One great thing about dividends is that the return on your investment rises as the value of the stock the dividends are attached to decreases.
This can be a nasty surprise if you bought a company like Metcash Limited (ASX: MTS) or Origin Energy Ltd (ASX: ORG) for huge trailing yields only to realise that the dividend has been suspended or reduced.
For companies with a healthier underlying business, however, falls in value can be a blessing – especially if the company is still growing its earnings and dividends.
Collection House Limited (ASX: CLH) recently disappointed investors when it announced that growth would be substantially slower this year – in the low single digits compared to the 10%+ shareholders are used to – as a result of an increasingly competitive collection market.
Shares dropped almost 20% on the news before recovering, now down 7% in the past three months.
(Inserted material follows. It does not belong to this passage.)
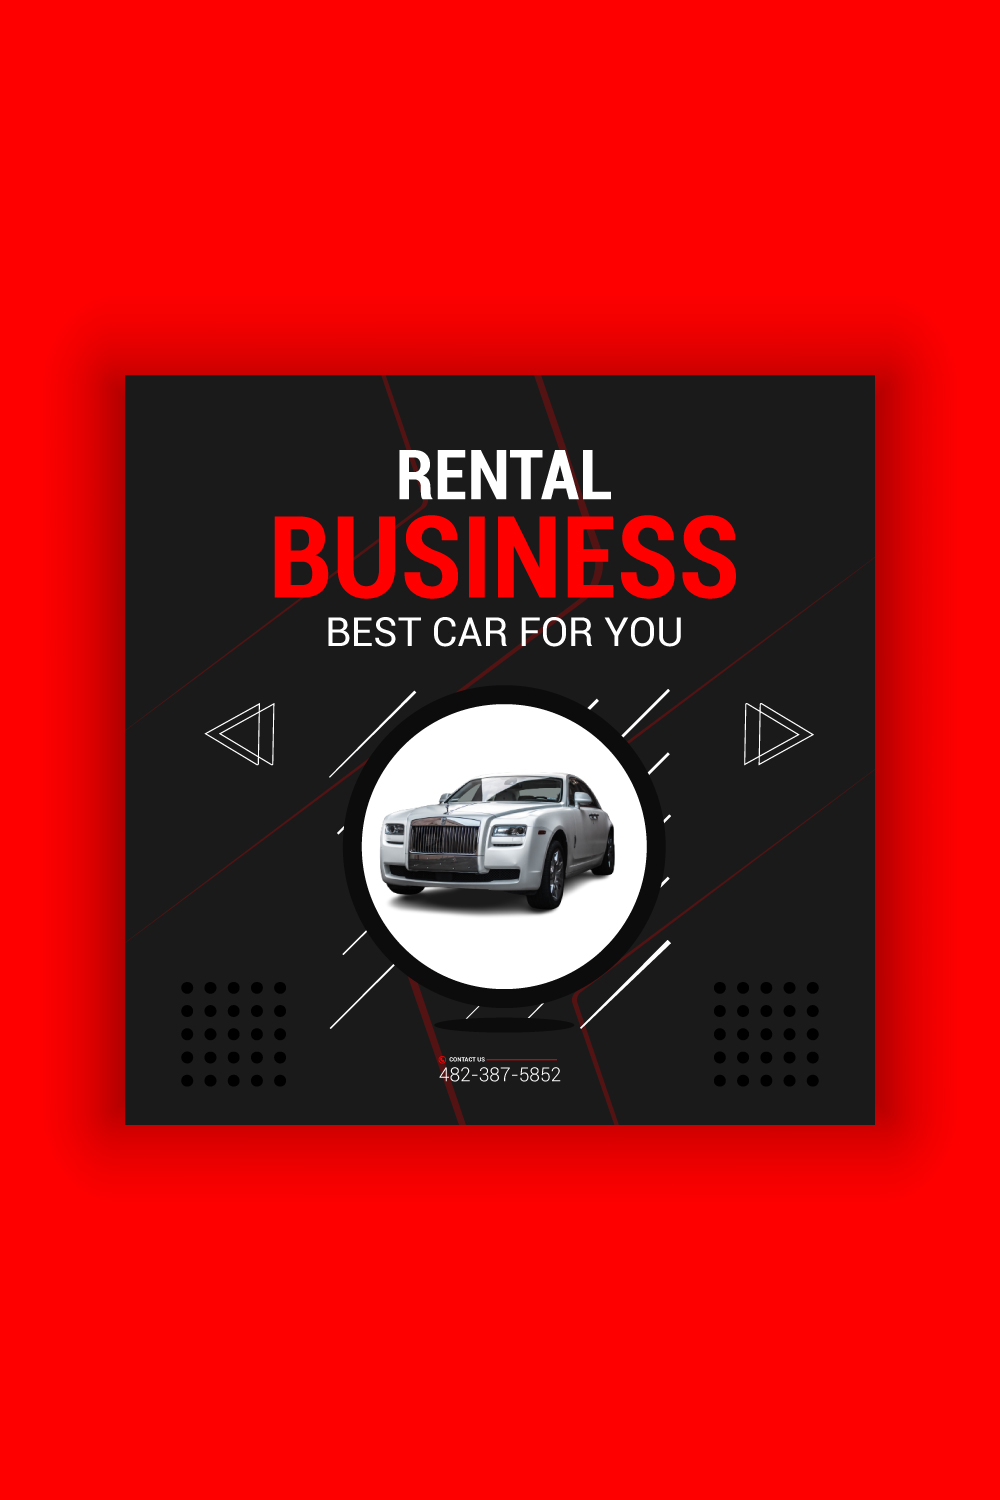 Rent A Car and Rental Business Social Media Post Template Bundle pinterest preview image.

Collection House subsequently announced a significant two-year contract with the Australian Tax Office that will 'certainly' contribute to earnings in financial years 2017 and 2018.
Over the longer term, management has indicated that they foresee additional opportunities to lift earnings in the collections space. With a 4.5%, fully franked yield and a still-growing business, Collection House looks like a strong buy right now – in fact I would buy more, if it wasn't already one of my largest positions.
While the slowing profit growth might make some investors nervous, Retail Food Group Limited (ASX: RFG) faces no such headwinds, with ongoing same-store sales growth and expansion into international markets.
Retail Food Group has hitched its wagon to coffee for the time being – it is one of the largest coffee roasters in Australia – with that mildly addictive beverage making an excellent first choice for luring customers to stores.
However, a wide variety of franchises in its stable gives the company plenty of room to expand its footprint over time – just look at how well Domino's Pizza Enterprises Ltd (ASX: DMP) has done with just one franchise.
Retail Food Group's share price has been knocked down recently as investors grow nervous regarding its 'Organisational Evolution' (renewing brand menus, focussing on digital, etc) and the establishment of an International Division and joint-venture in China.
There is also likely some nervousness given the recent wage scandals at Pizza Hut and 7-11.
On the plus side, Retail Food Group is generating loads of cash, has plenty of room for growth, and offers a whopping 5.6%, fully franked dividend that I believe is highly sustainable and likely to increase in the future. I recently bought shares, and am considering buying more very soon.